The young and the reckless

Skateboard event attracts about 100

March 12, 2007|By Chris Emery | Chris Emery,Sun reporter

Daniel Crowe used the handrail to negotiate the stairs, but not for safety purposes.

He hopped on the metal railing with his skateboard, slid down the tall flight of steps and rode away -- with all his limbs intact.

"The handrail is a little scary, but not so much now, because I've done it a lot," said Crowe, 11, of Woodbine in Howard County, after completing the stunt.
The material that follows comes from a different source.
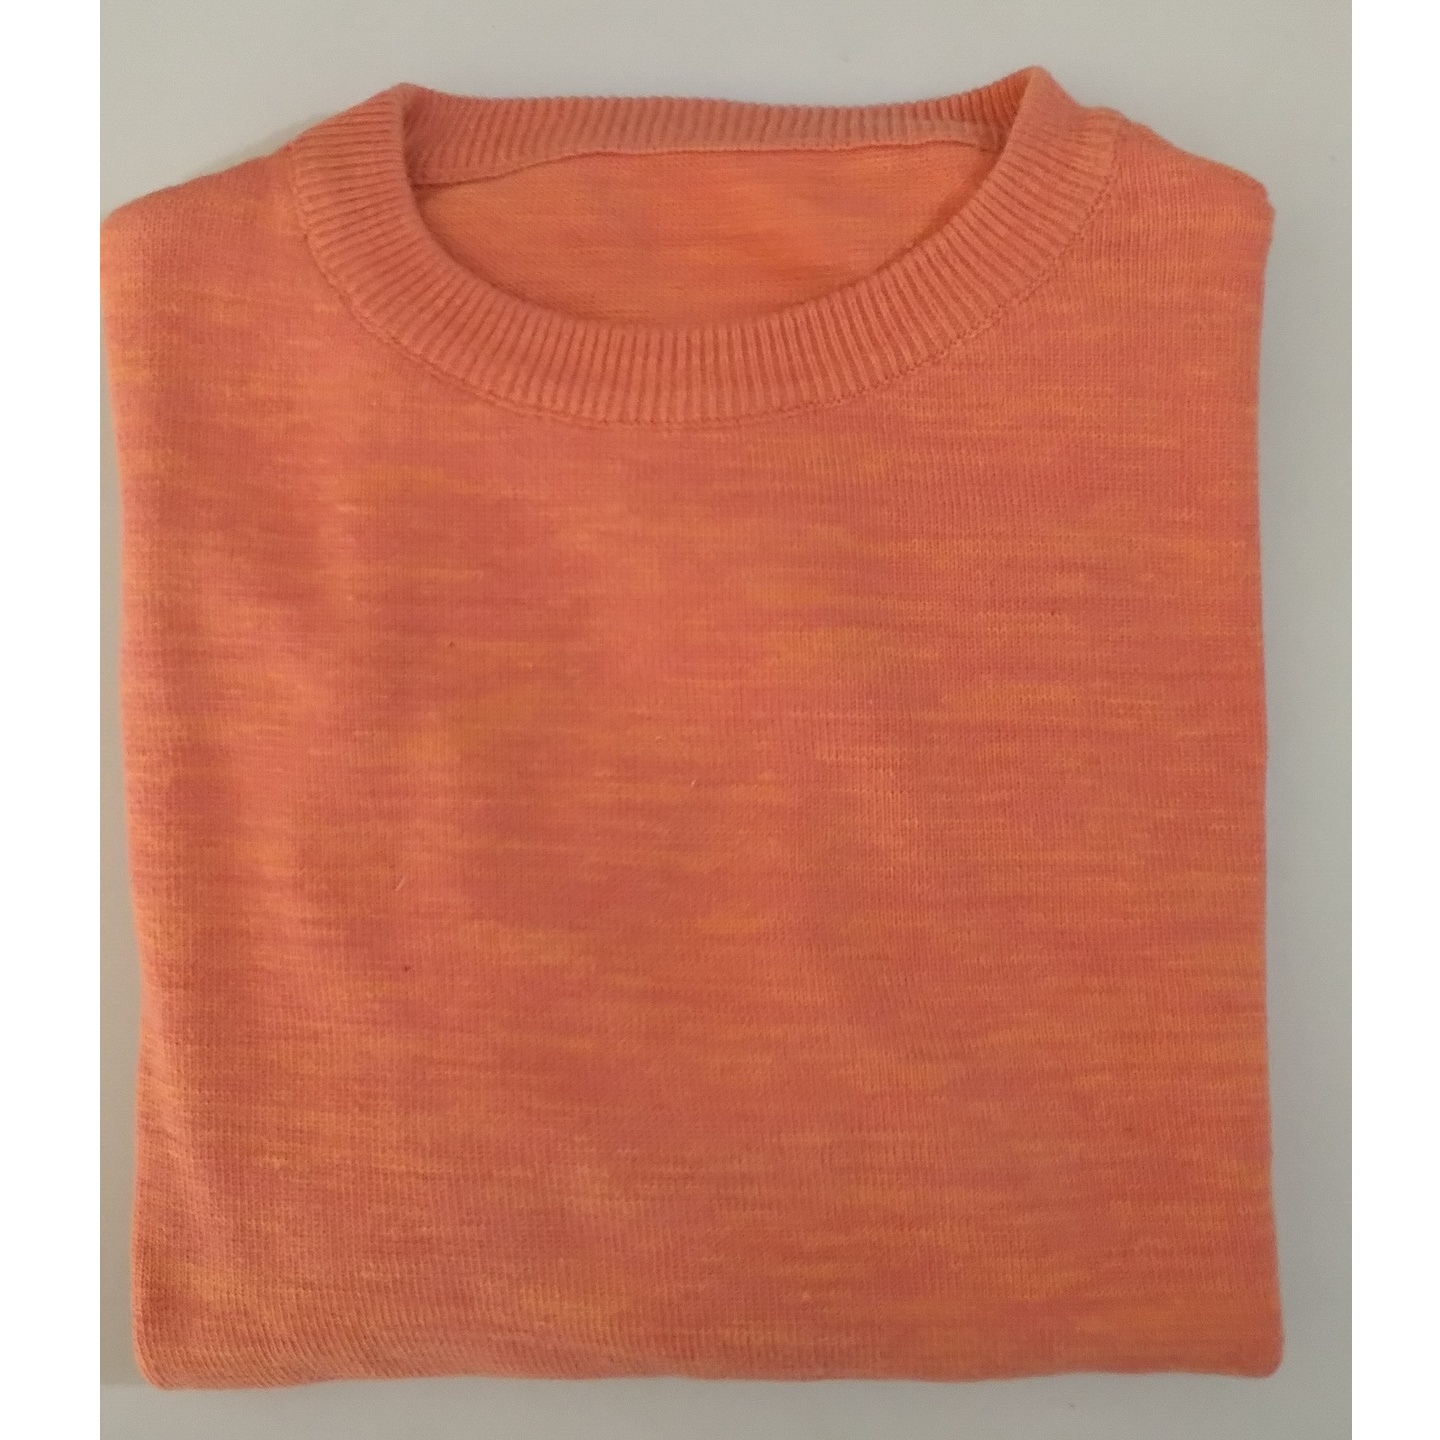 Peach - Orange Textured Tshirt

Crowe joined about 100 other skaters yesterday to compete at Charm City Skateboard Park, an indoor skateboarding facility hidden away in a brick warehouse in the Canton Industrial Area, east of Canton. The skaters careened around the park's many ramps, rails and banks, pulling out their best tricks in hopes of winning bragging rights and part of a $500 cash prize.

The event included classes for all skill levels and was the kickoff for the second annual King of the Coast Contest, a seven-stop series with competitions planned in New York, Ohio and Pennsylvania.

Jason Chapman, the 34-year-old owner of the city skateboard park, organized the series after lack of sponsorship led to the demise of another popular contest -- The Beast of the East. "There was a void that wasn't being filled," he said.

The format of the contest, he said, is intended to build younger skaters' confidence by having them take one competition run on their own and then skate a second time in a group, as they would during a normal skate session. "We try to be nurturing," he said. "When you go alone, and the spotlight's on you, it's really stressful. Letting them skate together takes off some of the pressure."

But the competitors weren't the only ones on edge. When Paul Franke, 15, of Pasadena crashed on one of the ramps during his competition run, his 13-year-old sister Darbie let out a scream that startled several other spectators.

"I was scared," she said afterward. "He hurts himself a lot."

Her brother later said he was unharmed by the fall but had butterflies during his solo performance. "I got really nervous," he said, his voice barely audible over the skateboard-generated roar echoing off the park's graffiti-covered walls.

Ron Hickoff, of Erie, Pa., said he too gets a little nervous at times when his 11-year-old son Zack skates. "He's fearless," Hickoff said of his son. "If I don't keep an eye on him, who knows what he will do?"

Zack's mother is more comfortable with her son's daredevil antics, Hickoff said. She delights in seeing him jump off objects and land on his board -- a classic move called a "bomb drop." "If I don't watch her, she'll have him bomb-dropping off roofs," Hickoff said jokingly.

He drove Zack to Baltimore so the boy could compete in the series opener. Zack is now sponsored by a couple of skateboard companies and competes regularly, his father said. "I don't think I left Pennsylvania until I was 18," Hickoff said. "Zack's only 11, and he's been all over the place for contests."

Last month, Zack placed 12th in King of the Groms, a contest for kids 12 years old and younger held in Minnesota. "Grom" is skater-slang for young riders.

Susi Crowe, Daniel Crowe's mother, said she also takes her son to contests regularly. "This is his 24/7 passion," she said. "All other activities, except for Boy Scouts, have dropped away."

In the summer, she said, Daniel will attend a skateboard camp in Pennsylvania. "They have a bunch of skate parks, with cabins in the middle," she said. "It's a kid's dream come true."

Daniel said he had detailed a plan yesterday for his contest run. It included a variety of tricks with names like "boneless," "disaster" and a "one-footed Indy," an aerial maneuver where he grabs the board and kicks off one foot.

"I'm going to end with the handrail down the steps," he said, standing in the skateboard park's shop in his helmet and kneepads.

Daniel Corrigan, 19, of Catonsville, took a less structured approach. "I'll just do a lot of tricks other people don't do" said Corrigan, who last year won the most advanced division in the contest.

Corrigan is a member of the skate park team and is sponsored by Heater, a skateboard company founded by park owner Chapman.

Corrigan said the Baltimore skateboarding scene is not as big as that of Philadelphia or New York.

"But I think people would be surprised," he added, "how many skaters are here."